According to an embodiment of the present disclosure, information about fluid properties of ink or a geometric structure of the nozzles may be further mapped and stored by the training data storage. The information about the fluid properties of the ink may include information about at least one of viscosity, density, and surface tension.
The method of adjusting an inkjet printing driving waveform according to the present disclosure may be implemented in the form of a computer program written to perform operations included in the method and recorded on a computer-readable recording medium.
Other aspects of the present disclosure will be apparent from the detailed description and drawings.
According to an aspect of the present disclosure, it is possible to automate the optimization of an inkjet printing driving waveform and respond to changes in droplet discharge.
According to another aspect of the present disclosure, in the case of inkjet printing, it is possible to respond to changes in process conditions such as a temperature increase due to the speed of a high-frequency process and a change in droplet discharge due to particles in ink.
Effects of the present disclosure are not limited thereto and other effects that are not described herein will be apparent to those of ordinary skill in the art from the following description.
FIG. 1 is a schematic block diagram of a configuration of an apparatus for adjusting an inkjet printing driving waveform according to the present disclosure.
FIG. 2 is a flowchart of a method of adjusting an inkjet printing driving waveform according to the present disclosure.
FIG. 3 is a reference diagram of a process of detecting an optimal inkjet printing driving waveform according to a method according to the present disclosure.
FIG. 4 illustrates a shape of a driving waveform applied to an inkjet printing nozzle.
FIG. 5 illustrates a process in which the speed and total number of droplets change as a driving waveform changes.
FIG. 6 is a schematic diagram illustrating an example of handling a change in droplet discharge according to an apparatus and method of the present disclosure.
Advantages and features of the present disclosure and methods of achieving them will be apparent from embodiments of the disclosure described in detail, in conjunction with the accompanying drawings. However, the present disclosure is not limited to the embodiments set forth herein and may be embodied in many different forms. The embodiments are merely provided so that this disclosure will be thorough and complete and will fully convey the scope of the present disclosure to those of ordinary skill to which the present disclosure pertains (hereinafter, “those of ordinary skill in the art”). The scope of the present disclosure is only defined by the claims.
Terms used herein are for the purpose of only describing embodiments and are not intended to limit the present disclosure. As used herein, singular forms are intended to include plural forms unless the context clearly indicates otherwise. As used herein, the terms “comprise” and/or “comprising” specify the presence of stated components but do not preclude the presence or addition of one or more other components.
Throughout the disclosure, like reference numerals refer to like elements, and “and/or” includes each and all combinations of one or more of the mentioned components.

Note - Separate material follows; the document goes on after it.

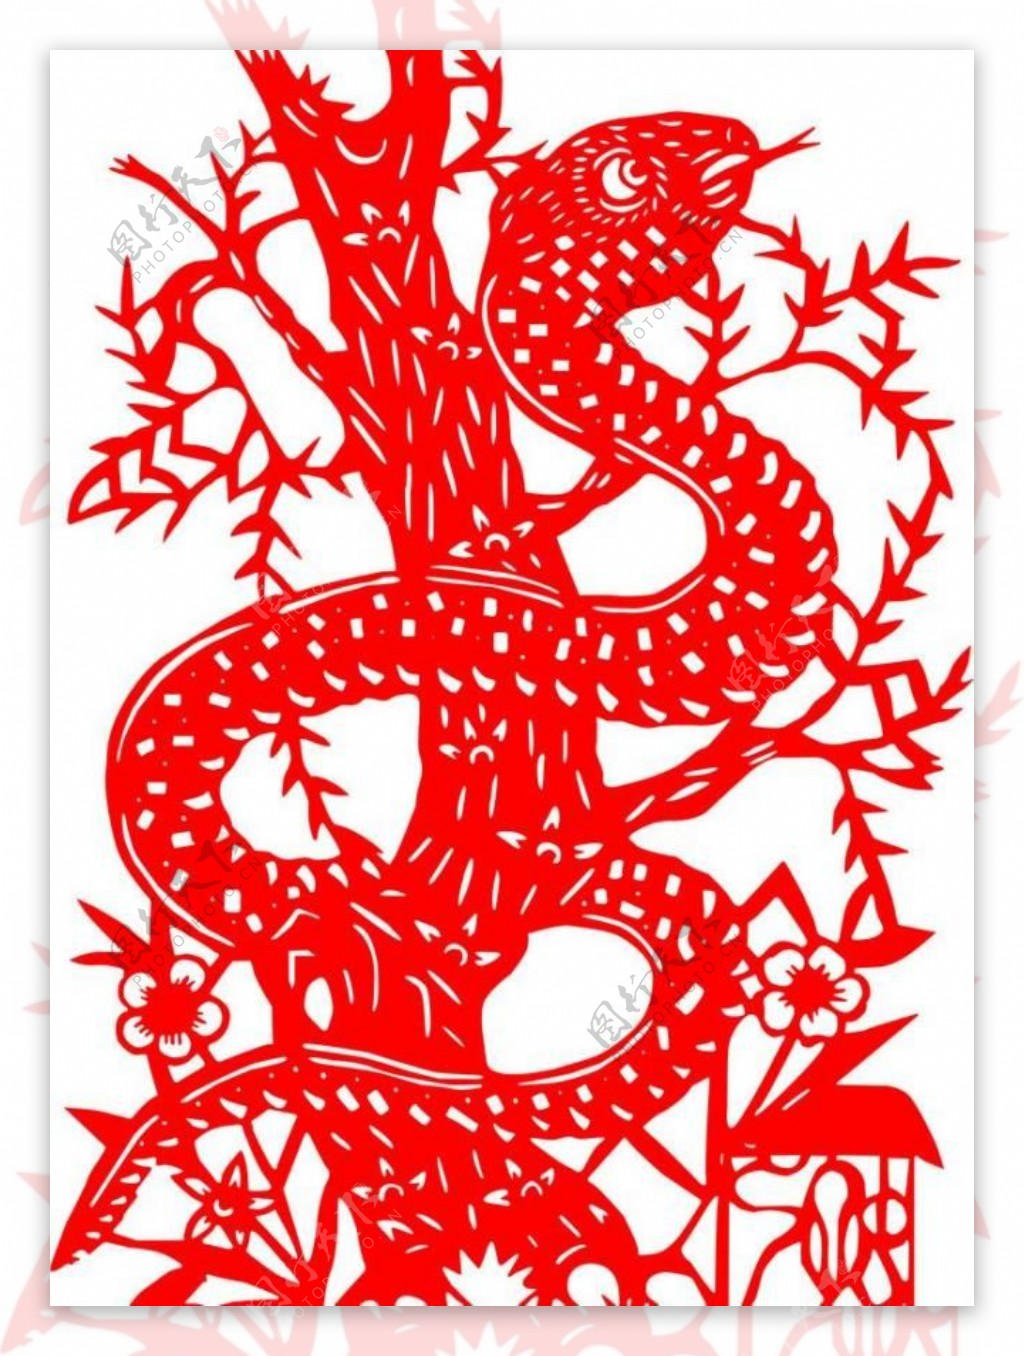 春节红色剪纸蛇图片

Although “first,” “second,” etc. are used to describe various components, these components are not limited by these terms. These terms are only used to distinguish one component from another. Therefore, a first component discussed below could be termed a second component without departing from the technical scope of the present disclosure.
Unless otherwise defined, all terms (including technical and scientific terms) used herein have the same meaning as commonly understood by those of ordinary skill in the art to the present disclosure pertains. Terms, such as those defined in commonly used dictionaries, will not be interpreted in an idealized or overly formal sense unless expressly so defined herein. Hereinafter, embodiments of the present disclosure will be described in detail with reference to the accompanying drawings.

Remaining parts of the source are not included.